═════ Given entries
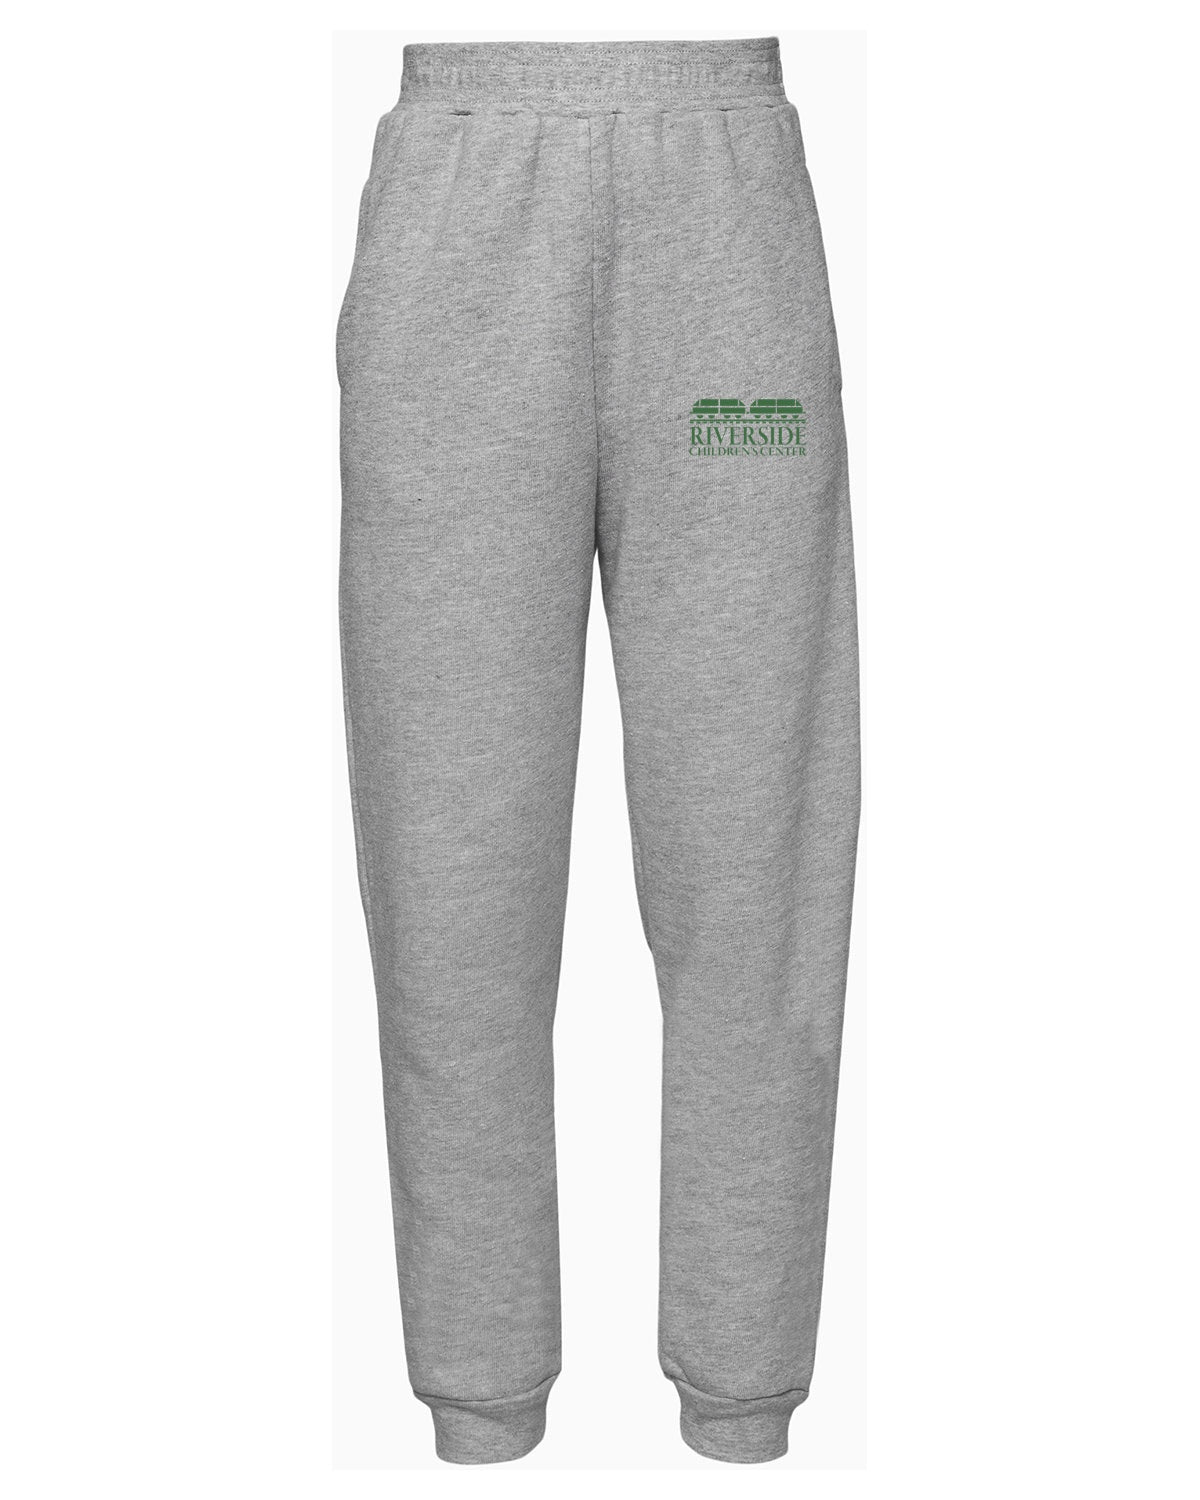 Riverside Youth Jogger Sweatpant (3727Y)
══════════
═════ Given entries
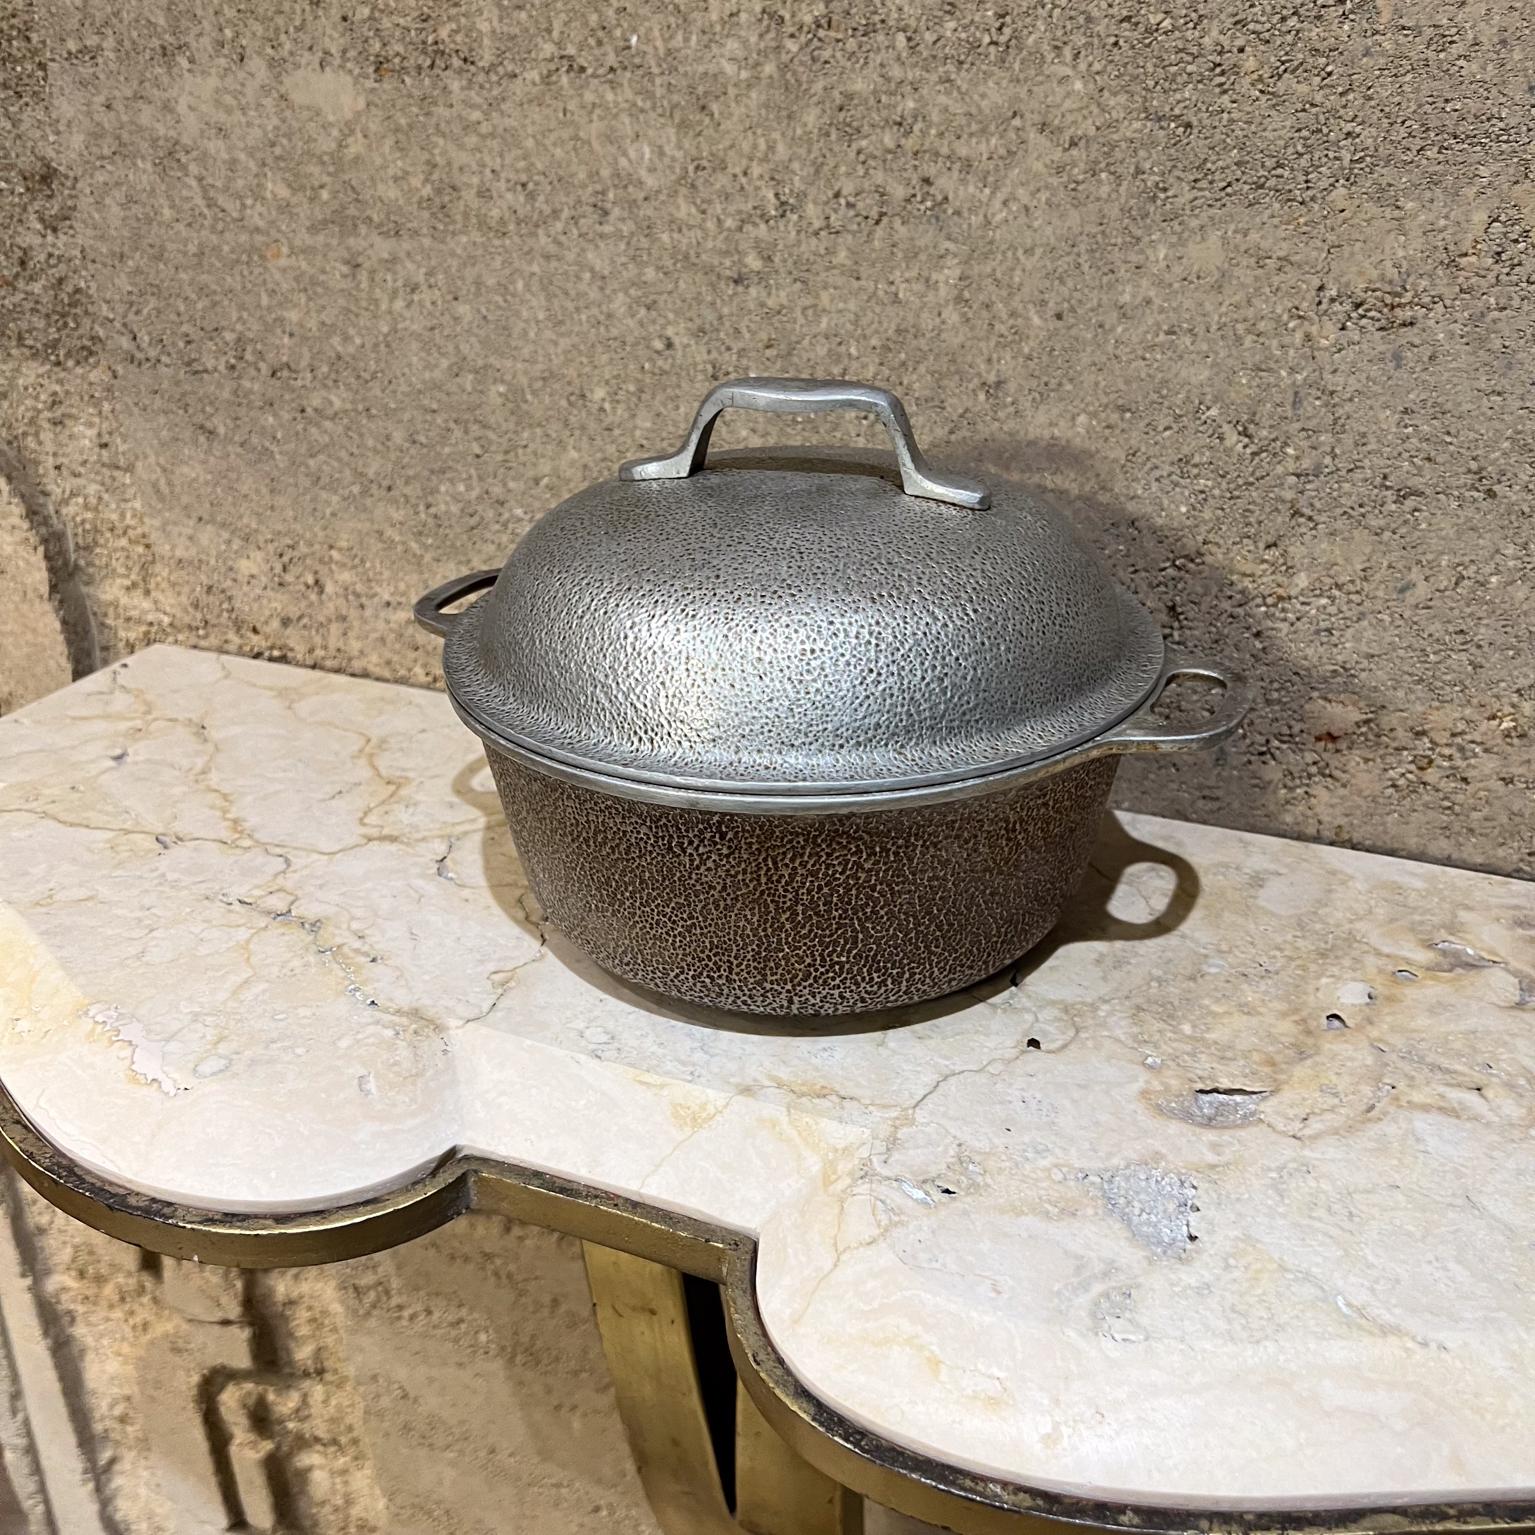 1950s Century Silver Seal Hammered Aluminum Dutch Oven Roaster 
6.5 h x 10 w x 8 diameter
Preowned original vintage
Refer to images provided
══════════
* Instructions to follow:
Copy range, inclusive: the line holding "6.5 h x 10 w x 8 diameter" to the line holding "Refer to images provided". Reproduce exactly those lines of the records above and no others.

* Answer for the task:
6.5 h x 10 w x 8 diameter
Preowned original vintage
Refer to images provided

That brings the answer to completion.